The Australian Electoral Commission has carried out dubious actions in the past. For example, the AEC changed the boundaries of the Oxley electorate in Queensland, thus ensuring, in real terms, that the controversial patriotic politician Pauline Hanson could not be re-elected to the House of Representatives.

Several changes to the law governing elections were designed to give an advantage to the major parties, section 136 in particular. That the Electoral Act was redesigned by the major political parties to be used as a tool against minor parties can be seen in the final words of section 136: "A parliamentary party shall not be de-registered under this section"; that is, this section of law shall only apply to those political parties which have not won a seat in parliament, neatly excluding the major political parties from the onerous requirements of section 136 of the Electoral Act.[34]

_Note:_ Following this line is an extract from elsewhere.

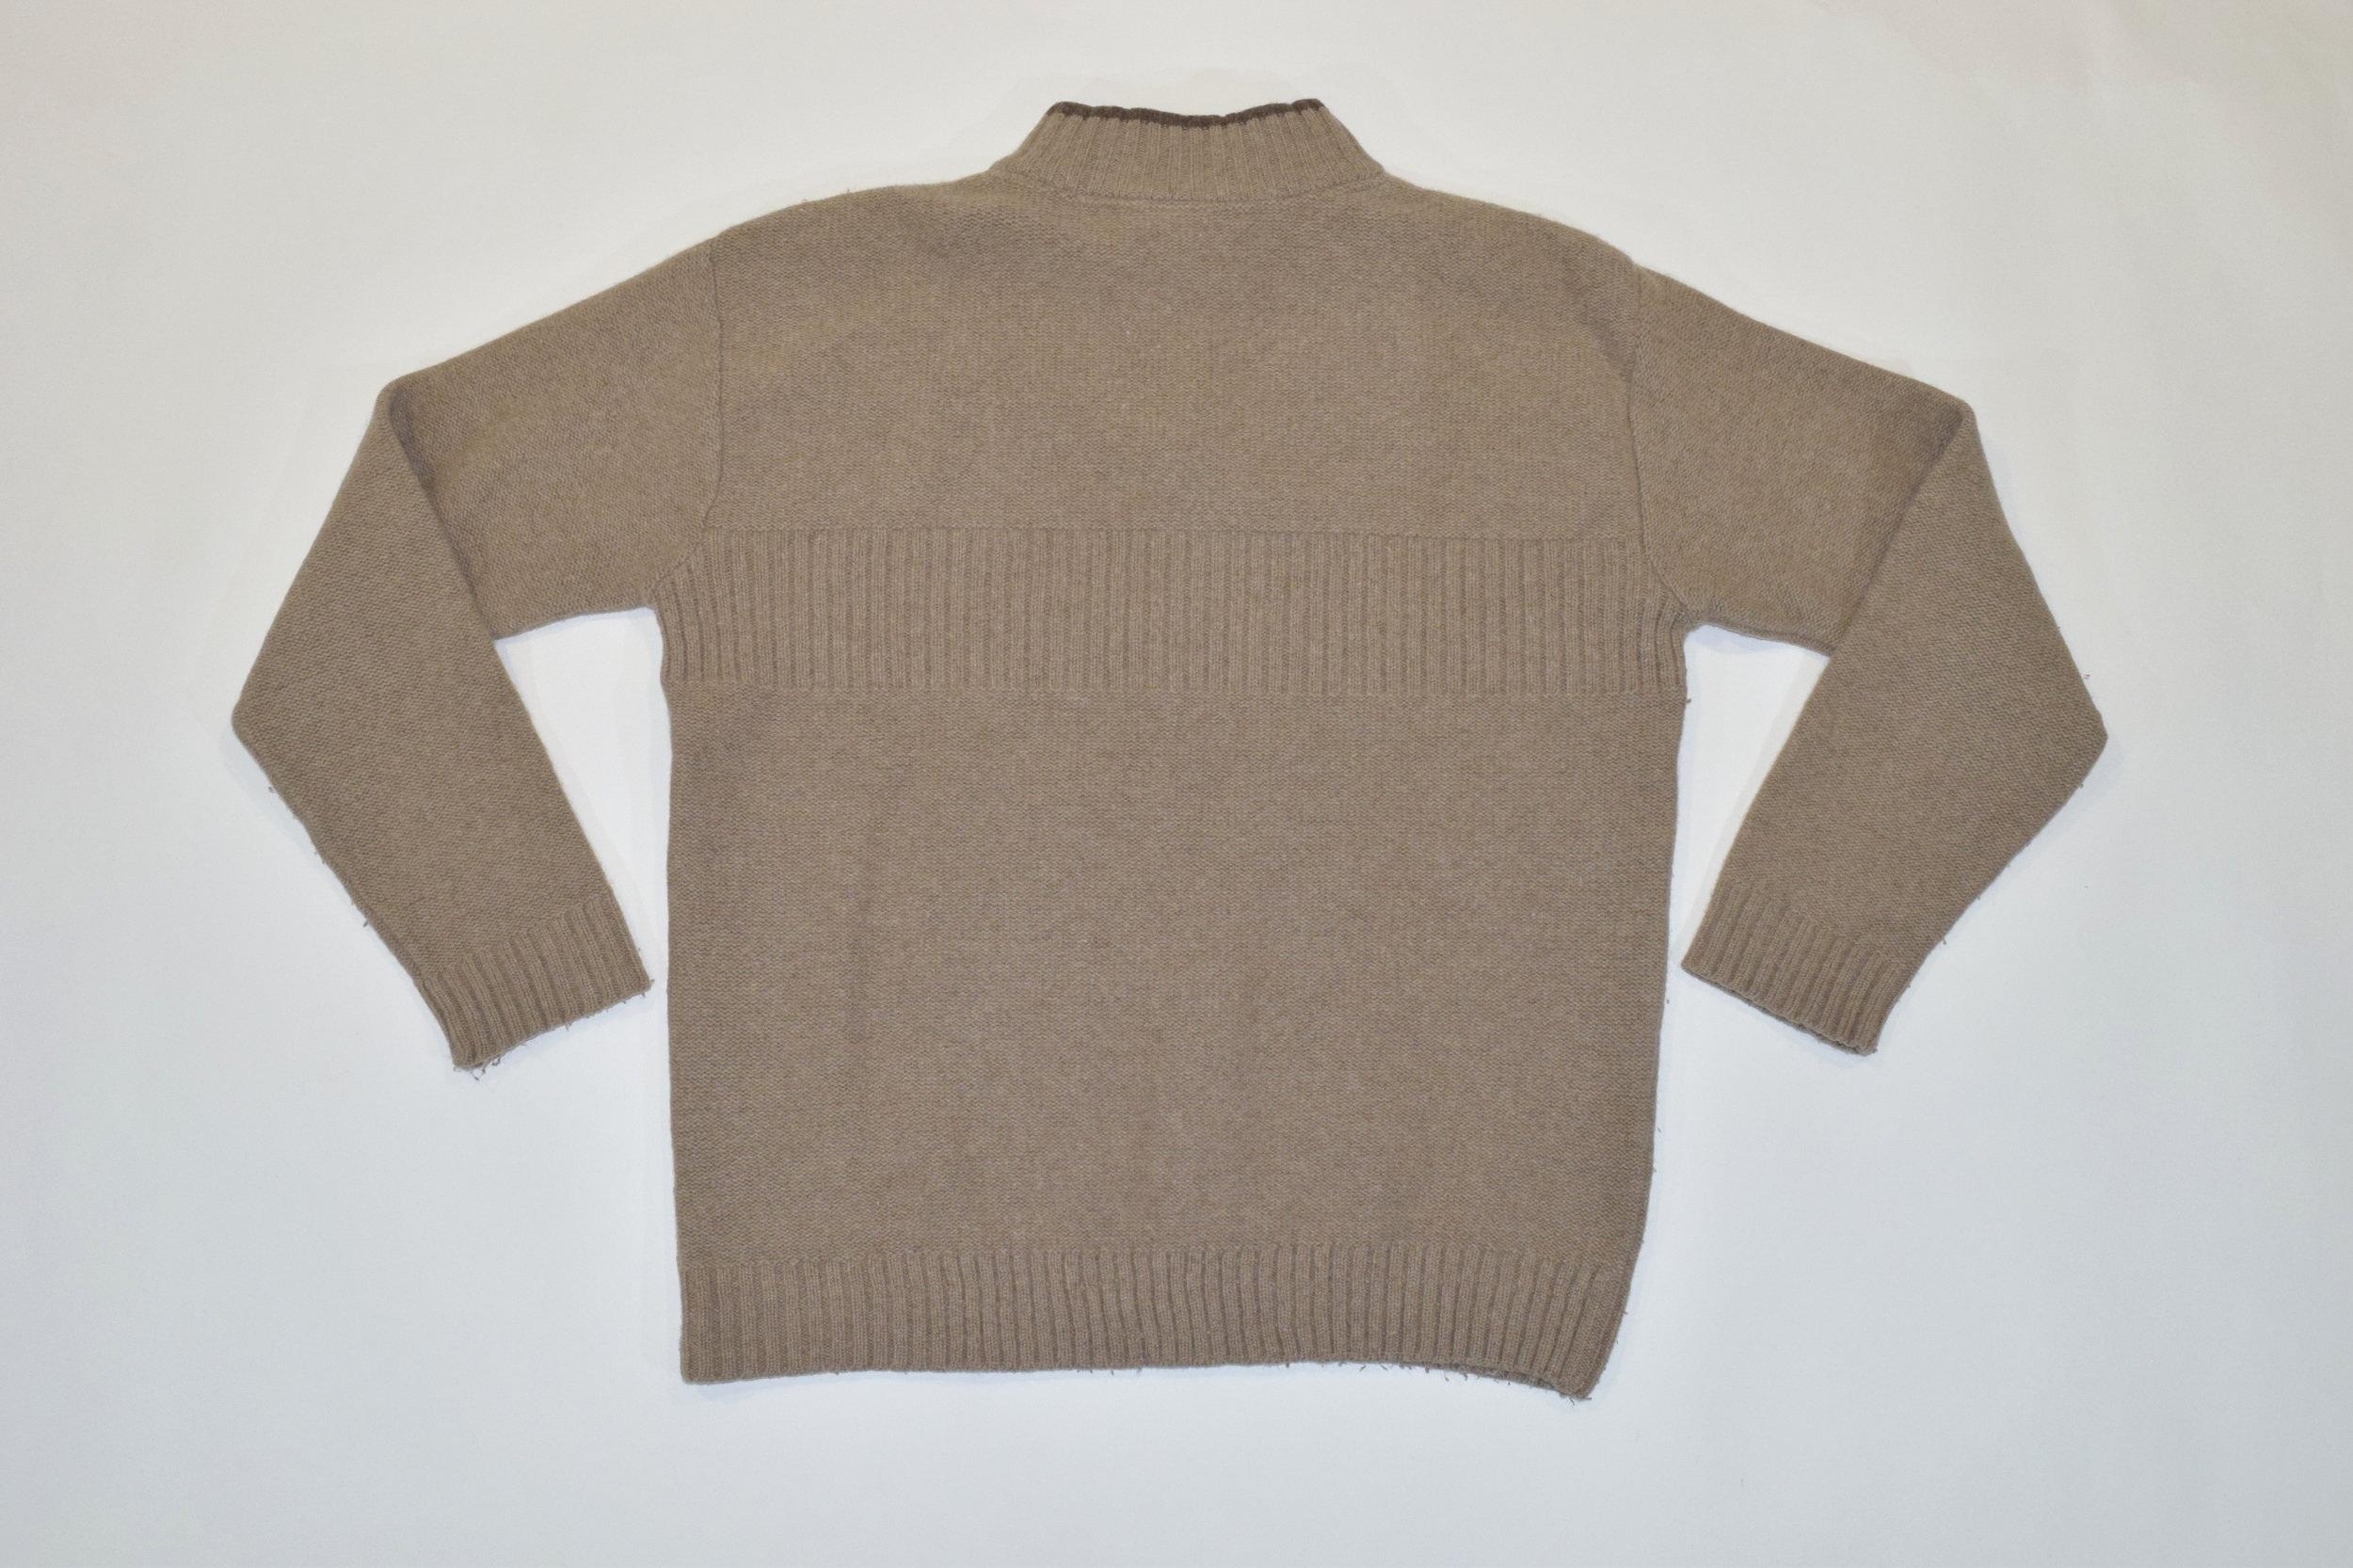 3eb7e0c9b4f53b Light Brown Fila 1/4 Zip Knit Jumper — Headlock Vintage

These sort of tactics are not isolated examples of government interference and harassment directed against nationalists and patriots in Australia, even though political dirty tricks and Third World style underhand electoral tactics are what one would expect to find in a "Banana Republic", rather than in a Westminster-style democracy. In Third World "Banana Republics" there are all sorts of dirty tricks played against opponents of the government, such as the ever-popular arresting political opponents on a spurious charge the week before an election - is this what Australia is destined for?

The publication How to Combat the Political Police: Understanding the Role of Intelligence Agencies in the "Legal" and Illegal Harassment of Nationalist Movements (And How to Implement Counter-Measures) details various elements of harassments that have occurred against Nationalist activists in Australia over the years.[35]

In 2004, the Australian parliament passed legislation that enables the Attorney General to outlaw any organisation by determining "that a body is a terrorist organisation". Whilst this law was passed under the guise of "combating terrorism", it can so easily be misused as to enable "legal" action against any enemy of the Establishment, such as Nationalist groups. History has shown that many laws that are brought into being for one specific purpose are often later used in a manner that attacks the civil liberties of citizens.[36] Also, the so-called "racial vilification" laws have also been designed as a tool to use the threat of legal force against nationalist parties and their members, in an undemocratic attempt to hinder opposition to the Establishment policies of Multiculturalism and Asianisation.

Paul Sheehan described the situation quite succinctly:

    Of all the political problems facing Australia, the growing power to suppress and constrain freedom of expression is the most sinister ...everyday freedoms are being eroded behind the rhetoric of equity.[37]

Under Multiculturalism, democracy is far from safe.